An Expert Interview about Oncologic Surgery

An Expert Interview about Oncologic Surgery

What is oncology?

Two decades of the 21st century have passed already, but the general understanding of terms like cancer and oncology still needs massive improvement. Not saying it is as bad as the early’ 90s! Anyhow, when we use the term cancer, we are talking about the rapid growth of cells in the part of the body under discussion. That is cancer sorted, but what is oncology? Well, the branch of medicine that deals with the study of cancer is known as oncology[i]. We are going to keep things nice and simple at this stage of discussion, so no more than that! 

What is oncologic surgery?

It is prudent to mention here that you will come across another variant of this term i.e. surgical oncology as well. Both these terms mean the same thing, so please don’t get confused. Coming towards the more important things that we need to answer, what happens in this surgery? Well, as you can guess, a surgeon makes incisions to remove the cancerous tumors from the body of the patient [ii]. In some cases, removing the entire clone of cancerous cells is a realistic feat while in other cases, the surgeon is left with no option but to remove as much as he can. This later activity on the part of an oncologic surgeon is called debulking. 

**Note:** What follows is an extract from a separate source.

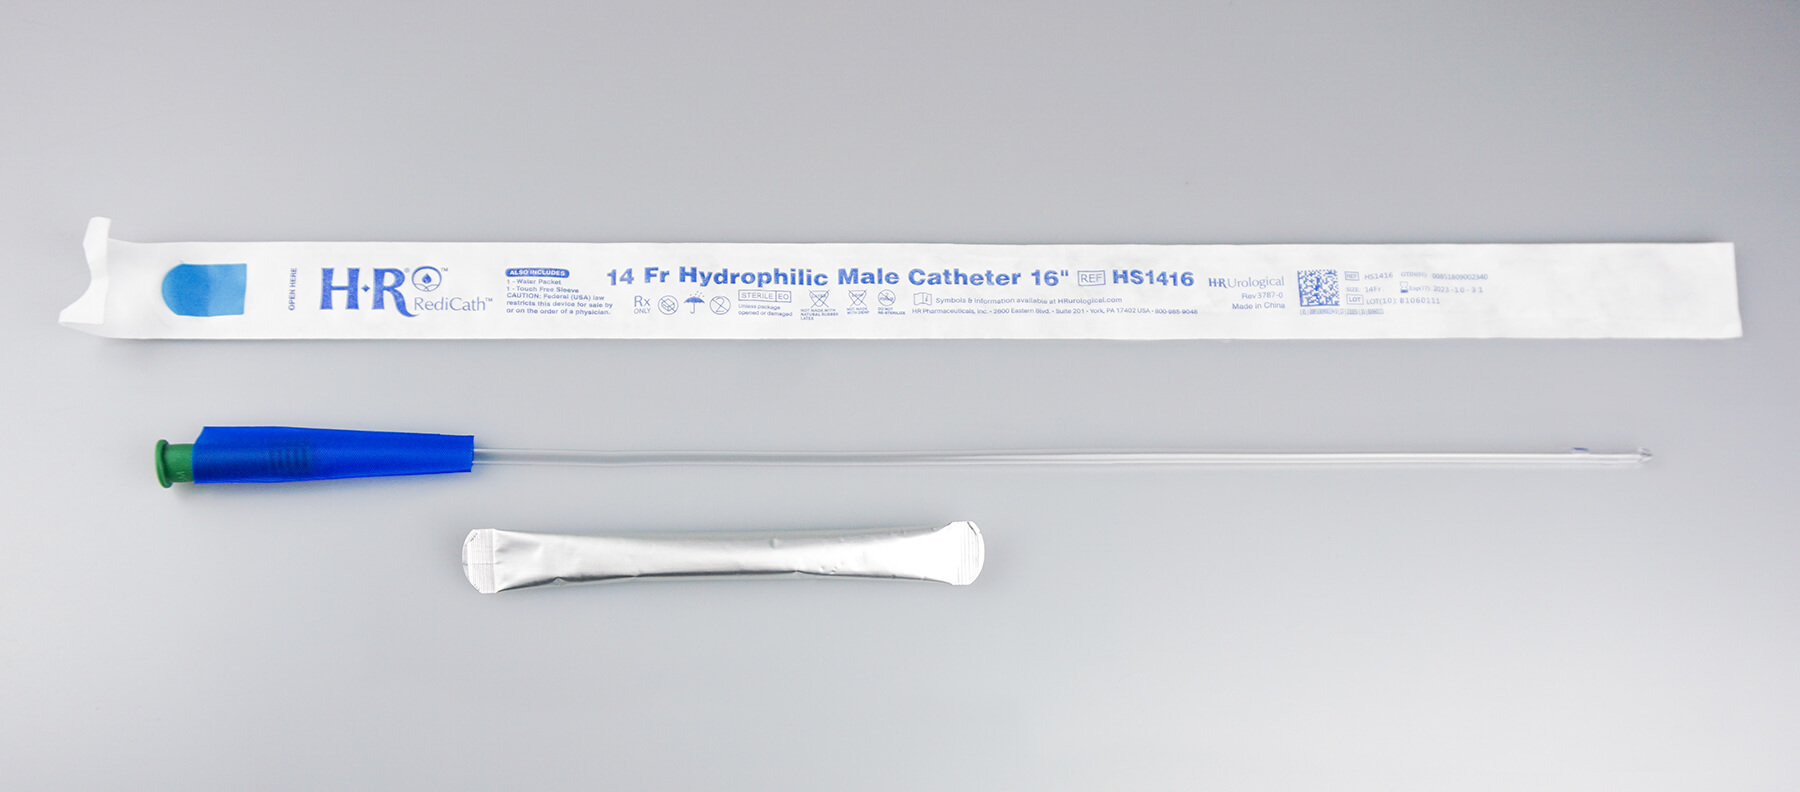 TruCath Hydrophilic Catheter - HS146 pictured with water pouch

How to prepare for an oncologic surgery?

There are a few important points to keep in mind when a patient is getting ready for oncologic surgery. Firstly, the patient has to abstain from drinking or eating before the surgery [iii]. The exact duration of this fasting period is specified by a doctor. Then, on the day of operation, a consultancy meeting between surgeon and patient is scheduled before the surgery. To subside the side effects of anesthesia, a medicine might be prescribed, which the patient can opt for and not feel too drowsy later. General anesthesia is the recommended way to proceed with oncological surgery.

What happens during an oncologic surgery?

We have already talked about how an oncologic surgery is focused on removing the cancerous cells and tissues. But don’t be surprised if the surgeon removes a small healthy tissue from the tumorous area, commonly called margin. That is not all though. Sometimes, lymph nodes are removed as well. You must be wondering about the purpose of these removals? Well, the removed margin and lymph nodes are sent to a pathology lab, where more about the type of cancer as well its stage can be learned. This is of course possible only if cancer has spread to the margin and lymph nodes. Good news anyway, if it has not! 

How is it done?

There are two methods of conducting oncologic surgery. The first one is called open surgery. In this method, scalpels are used to make incisions. Once the incisions are made, the tumor is removed. The other method of removing cancerous cells via oncologic surgery is called laparoscopic surgery. What happens in this method? A laparoscope is a small tube, which comes attached to a small camera. Once the laparoscope is at the destined target, the oncologic surgeon can use his or her tools to remove the tumorous masses. This surgical procedure is also known as the minimally invasive surgical procedure of removing the cancer cells.

What are the side effects/risks?

For one, the patients who undergo oncologic surgery are going to feel pain. There should be no mincing of words on that part! However, managing this pain with the help of pain killers and other medicines is possible. Coming towards the risks associated with an oncologic surgery, well the biggest risk is that of an infection [iv]. Surgical site infections can complicate things, hence special care must be taken to minimize the chances of a possible infection. The other risk, the chances of which are significantly lower than that of an infection, is that of permanent damage to somebody’s part or organ. If the damage inflicted is too great, the patient might have to undergo another surgery of reconstructive nature.

What are the benefits?

Since the cancerous cells are removed from the body courtesy of oncologic surgery, the chance that the tumor will spread by dividing again is quite thin. However, that is not true for all cancers. Leukemic cancers, which are blood cancers, can never be cured one hundred percent unless the patient undergoes a hematopoietic stem cell transplant. Even then, the risk of cancer relapse cannot be ruled out entirely.

What happens after the surgery?

Once the procedure of an oncologic surgery is completed, the patient is taken to the care unit of the hospital. There, the patient is kept under observation until the side effects of anesthesia wear off completely. Then, the patient and his family are handed over a list of instructions about the dos and the don’ts post oncologic surgeries. On the patient’s part, he or she has to take care of the site where incisions were made. Making sure that no germs find their way through that opening is important, otherwise, one puts themselves at the risk of major complications.

What should be my expectations during recovery?

The answer to this question varies from patient to patient. Some patients are overwhelmed by the happenings of oncologic surgery, so they need more in terms of emotional support. For such cancer patients, talking to therapists might not be a bad idea. Sometimes, the incision made can take longer than normal time to heal and seal properly. For that purpose, your doctor might ask you to take some medicines regularly. More often than not, the recovery after an oncologic surgery can take as much as months.

How do I interpret results?

You don’t, your pathologist does. Remember the bit about margin and lymph nodes? Well, the lab examines those samples under the microscope and conducts all the necessary tests for biomarker identification and staging. Then, a report is composed based on findings. This report is forwarded to your oncologic surgeon, who then tells you about the findings in your next meeting[v].